Embracing Change and Holding Fast to Our Culture
              
There are a few advantages to having come late to Carolina with first-hand experience of other university cultures. This University is truly unique. It is a place that is open and free, that celebrates excellence wherever it occurs, that honors teaching and embraces selflessly a tradition of public service. We are a university with a healthy ego, but an innate modesty and lack of pretension. We take literally, sometimes too much so, I think, the motto of the State of North Carolina – Esse quam videri – to be, rather than to seem. 

This is a place that, for many years, I held in high esteem from afar. I shall never forget the first time Susan and I walked on these brick paths eight years ago, knowing that we were about to have the high privilege of leading this great institution. I got goose bumps then. … I still get them today. 

This is a place we have come to love with every fiber of our being. I understand how it captures our students, who fall in love with it on their first visit; how, as World War II Veteran O.G. Grubbs wrote so beautifully in words inscribed in our new alumni memorial, “Chapel Hill is in my blood just as much as the sand and pebbles from the walks used to be in my shoes.”7

I believe this University has the strength of character and maturity to embark on the bold and audacious initiatives I have described and not lose or endanger that wonderful culture of openness, freedom, civility and collegiality. We love this place, but we must not let our love of it lead us to complacency and self-satisfaction. Once again, Carolina is called to lead – to lead change – to reinvent itself for the 21st Century, holding fast to the incredible ethos of our bedrock values.   

Over the course of the next year, I look forward to working with the trustees, provost, deans and faculty in addressing these critical issues that will, in my opinion, determine Carolina’s future. My pledge to you is to bring the same level of passion, energy and commitment in my last year as I did in my first seven years as your chancellor.

Let us set the course so that a hundred years from now, historians will agree that Carolina’s third century was her best, a true renaissance of the human spirit.


1Carolina ranked first among top universities – for the sixth time in eight years – in the percentage of African-American students in the 2006 first-year class as measured by The Journal of Blacks in Higher Education. African-Americans made up 12.3 percent of that entering class – the second-highest percentage ever reported by the Journal. Over the last decade, through 2006, Latino and Latina enrollment has quintupled, up 519 percent. Asian enrollment has grown by 68 percent.

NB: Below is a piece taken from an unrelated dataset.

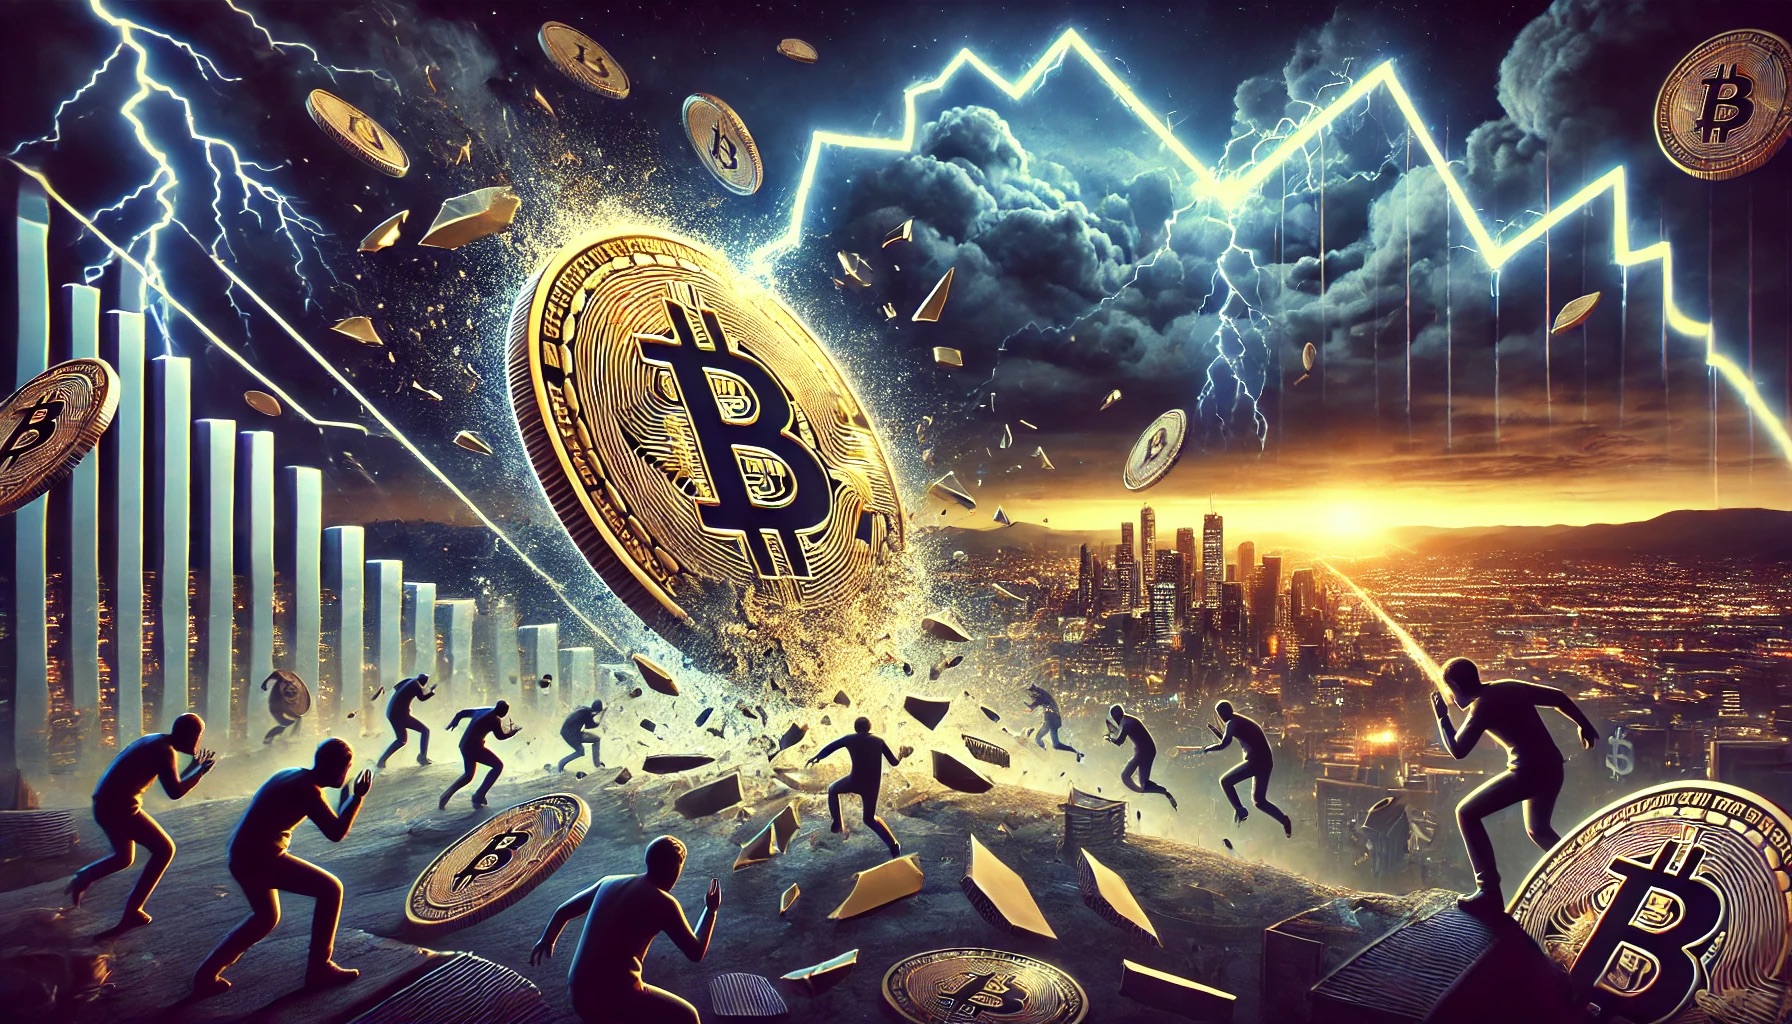 Bitcoin has been in a notable state of flux recently after recovering from the crash below $60,000 and establishing support above $61,000. However, with the pioneer cryptocurrency failing to completely beat important resistance points such as $63,500, bearish sentiment continues to dominate the market. Amid this, one crypto analyst has predicted that the Bitcoin crash is far from over, forecasting much lower figures than anticipated. Crypto Analyst Calls Out Possible Bitcoin Crash To $35,000 In a new analysis of the Bitcoin price, crypto analyst Alan Santana has predicted a possible price crash in the near future. The analysis, which was posted on the TradingView website, takes into account the past performances of the cryptocurrency, identifying various points such as a maximum pain point. Related Reading: SEC Serves Fresh Lawsuit To Metamask Developer Consensys – What’s The Problem This Time? Santana points out that for Bitcoin, the maximum pain point currently lies between the 0.618 and 0.786 Fibonacci retracement levels. This means that the Bitcoin price has far from bottomed, going by this analysis. Since the Fibonacci retracement levels are still so low currently. Based on this, the crypto analyst believes that the price will continue to crash with the maximum pain point sitting around $34,900 and $42,855. Going by this prediction, it means that the Bitcoin price could crash as high as 45% from its current level if it does play out. Interestingly, despite expecting such a massive price crash, the crypto analyst does not believe that the price will fall further. In fact, he points out that the Bitcoin price will never fall below the $30,000 price level ever again. Closing the analysis with some words for investors and traders, the crypto analyst advises, “Update your numbers, update your trades, update everything. These are the new numbers.” Not Everyone Is Bearish While Alan Santana’s prediction is very bearish for the Bitcoin price, not all analysts have gone the negative route. In fact, with the 20% BTC price crash, some crypto analysts believe that the worst is already over and that the pioneer cryptocurrency will see a bounce soon. Related Reading: XRP Price On The Verge Of Breaking Falling Wedge That Could Lead To 4% Increase One of the crypto analysts who predicts a bounce in the price is Doctor Bitcoin, who also posted his analysis on the TradingView website. According to the crypto analyst, this is actually the time buy BTC due to a harmonic pattern that has appeared in the chart, which points to a bullish reversal pattern. For the target, Doctor Bitcoin has predicted a possible rise to $85,000, which would be around a 35% move from the current price point. At the time of writing, the Bitcoin price is trending at $62,800, showing a 2.26% increase in the last 24 hours. Featured image created with Dall.E, chart from Tradingview.com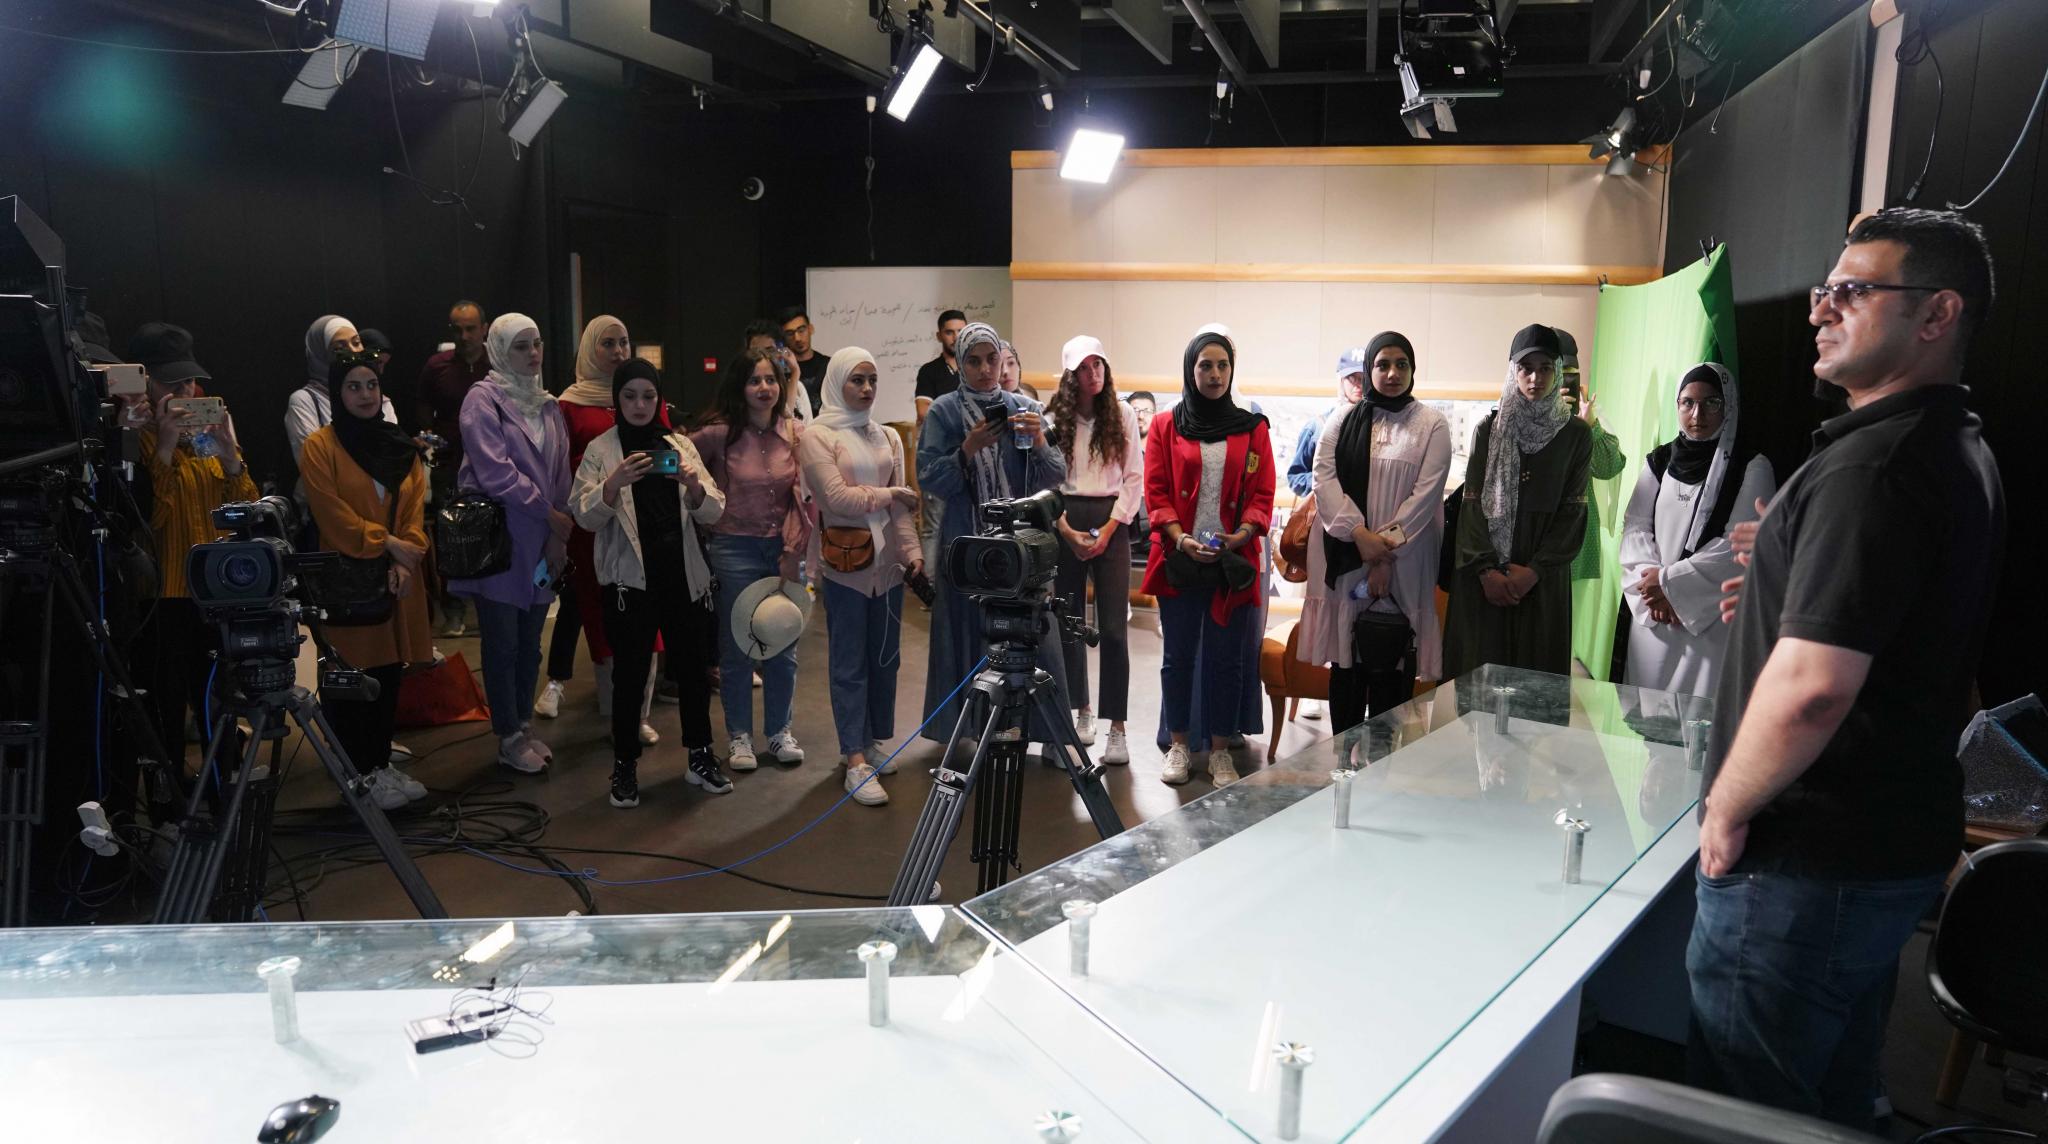 From Asdaa’ News Organization, a Youth Journalists Delegation Visits AAUP

The fall 2007 first-year class includes 69.5 percent white students, down from 80 percent in 1997.

2 Current projections show the University is capable of reaching the 50th percentile this academic year in all areas except the School of Medicine, for which all peer data are not available.

3 Moeser, James. “State of the University Address.” Chapel Hill, N.C. Delivered September 6, 2006.

4 Members of the strategic research planning task force, chaired by Tony Waldrop, vice chancellor for research and economic development, are: Shelton Earp, director, UNC Lineberger Comprehensive Cancer Center; Barbara Entwisle, director, Carolina Population Center; Daniel Reed, director of the Renaissance Computing Institute and Chancellor’s Eminent Professor; and Holden Thorp, dean, College of Arts and Sciences.

5 Lowman, Robert. “Meeting the Challenge of a Changing Workforce.” A white paper written about the University of North Carolina at Chapel Hill’s future faculty workforce for internal discussion. Chapel Hill, N.C. May 29, 2007.

6 Lowman, Robert, p. 3.

7 Grubbs, O.J. Among the quotes featured as part of the “Carolina Alumni Memorial in Memory of Those Lost in Military Service,” dedicated April 12, 2007, on the University of North Carolina at Chapel Hill campus.